Secondary	Grip Strength	?Grip Strengthwas acquired using a JAMAR hand dynamometer in the routine clinical manner. Measurements were recorded using participants' non-dominant hand and repeated 3 times to determine maximum grip strength.	Measured at Baseline, after Intervention 1, after Washout, and after Intervention 2.
Secondary	Gait Speed	Gait speed will be measured by instructing participants to walk four meters at their normal pace; they are timed with a stopwatch. This test will be repeated twice. The walk performed in the least time will be utilized for scoring purposes.	Measured at Baseline, after Intervention 1, after Washout, and after Intervention 2.
Secondary	Sway	Sway is assessed by having the participants stand with feet being placed side by side for ten seconds. Participants will be wearing MobilityLabTM (APDM, Portland, OR) sensors on their chest, lower back, wrists and feet during these tests to collect computerized sway data.	Measured at Baseline, after Intervention 1, after Washout, and after Intervention 2.
Secondary	Short Physical Performance Battery (SPPB)	The short physical performance battery (SPPB) consists of gait speed as determined by a four-meter walk, timed repeated chair rise and standing balance. Gait speed will be measured by instructing participants to walk four meters at their normal pace; timed with a stopwatch and is repeated twice. The walk performed in the least time will be utilized for SPPB scoring purposes. The timed repeated chair rise has participants stand up from a chair five times without the use of their arms, if possible. Time to complete five stands is measured. Standing balance is assessed by having the participants stand in three positions of increasing difficulty for 10 seconds each. Standardized instructions will be given to all participants and the test performed twice. The SPPB will be conducted and scored in standard manner, score 0-12, with lower scores indicating mobility limitations. Participants will be wearing MobilityLabTM sensors to collect computerized data for these tests.	Measured at Baseline, after Intervention 1, after Washout, and after Intervention 2.

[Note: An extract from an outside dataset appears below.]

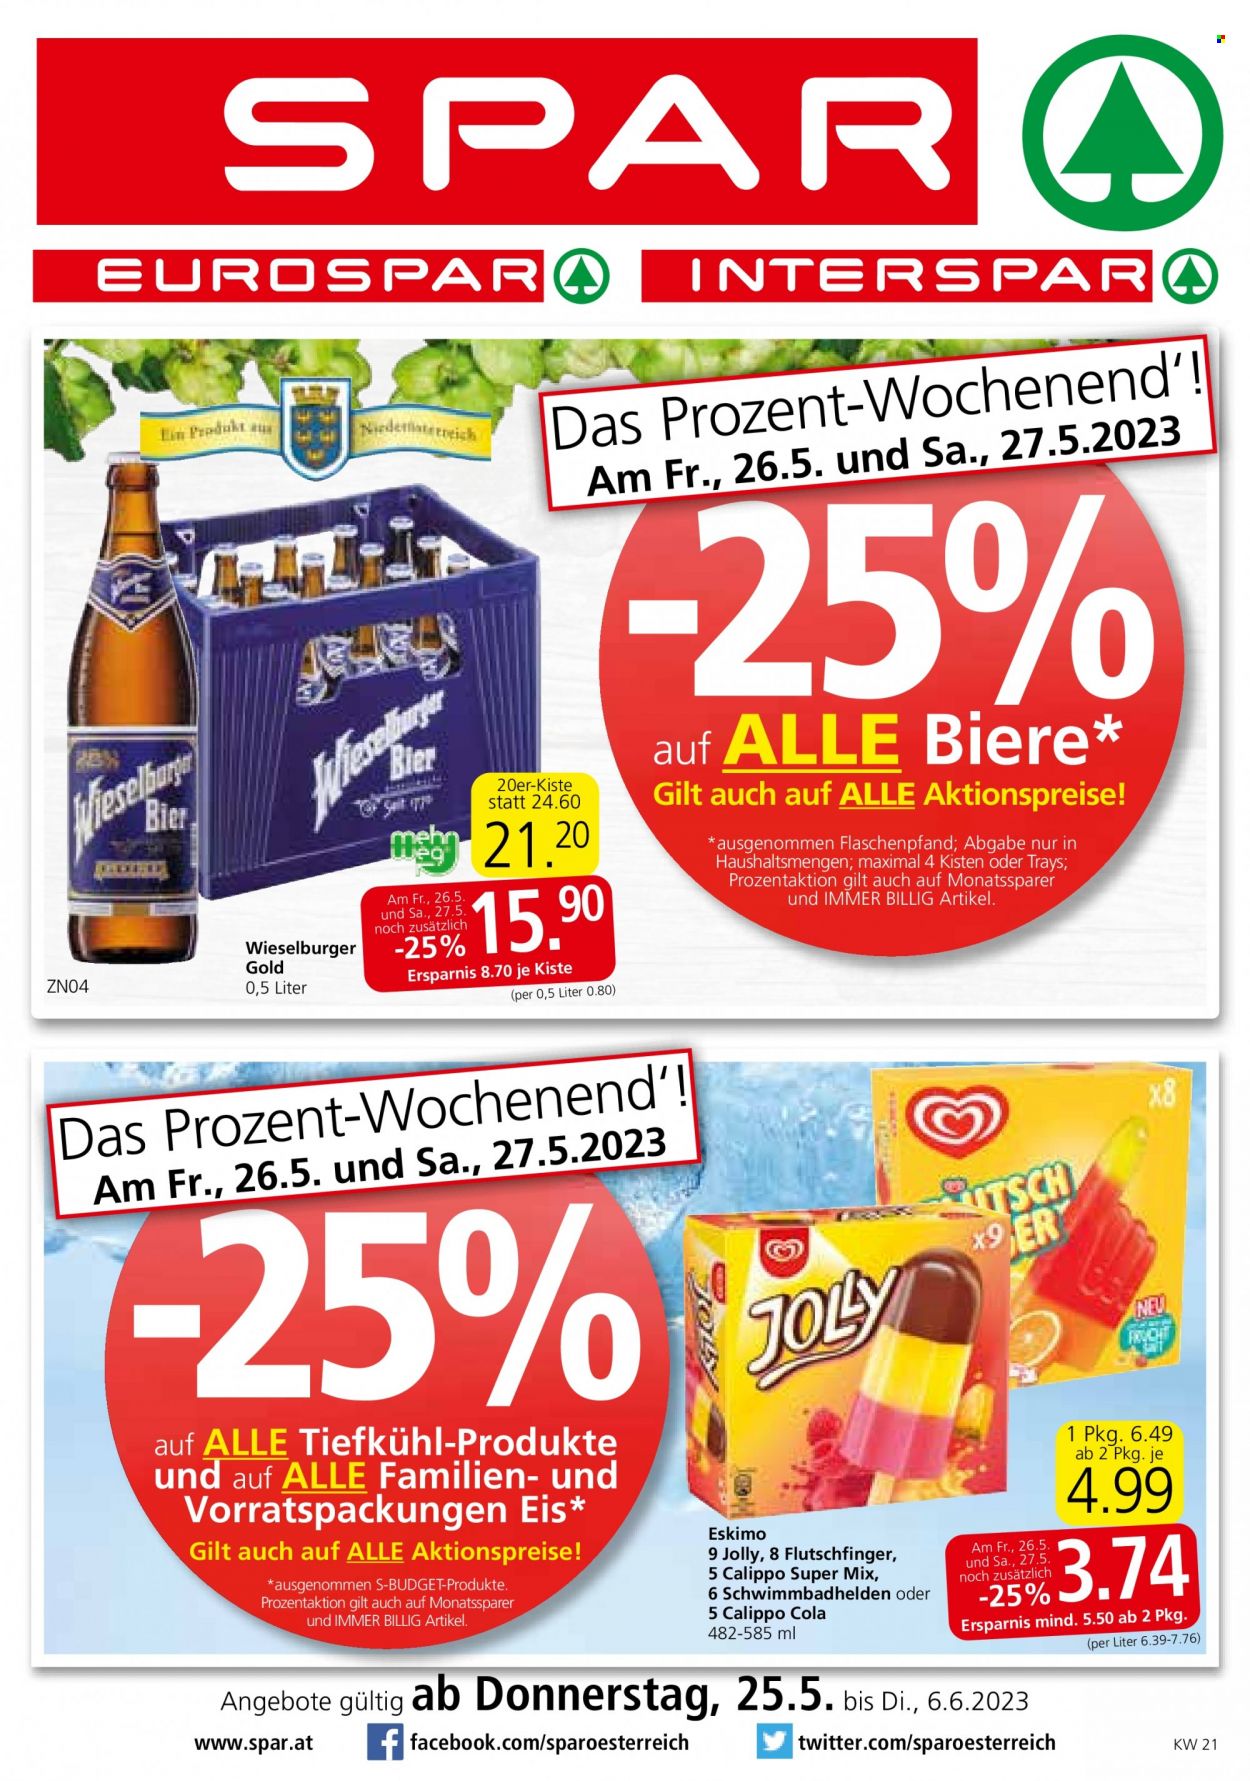 Angebote SPAR - 25.5.2023 - 6.6.2023 - Verkaufsprodukte - S-BUDGET, Eis, Eskimo, Cola, Wieselburger Gold, Alkohol, Bier, Wieselburger. Seite 1.

Secondary	Timed-Up-and-Go (TUG)	The Timed-Up-and-Go (TUG) test will be performed twice; participants will be seated in an armless chair, upon instruction, they will be asked to stand, which starts the timing, they will walk 3 meters past a mark on the floor at their normal pace, turn around and return to a full seated position, at which time the test will end.	Measured at Baseline, after Intervention 1, after Washout, and after Intervention 2.
Secondary	Bioelectrical Impedance Spectroscopy (BIS)	An ImpediMed SFB7 device (Eight Mile Plains, Queensland, Australia) will be used to obtain these measurements. Participants will be positioned supine for a minimum of 10 minutes prior to acquisition; adequate separation of their legs will be obtained to allow for accurate BIS measurement. Measurements will be obtained by placing four EKG-like electrodes on the skin of the participant's hand, feet and knee. Wires will be attached from the BIS device to these skin electrodes. Painless electric waves will be sent through the tissues as noted above. Each measurement lasts only a few seconds. This method will generate measurements of lean mass.	Measured at Baseline, after Intervention 1, after Washout, and after Intervention 2.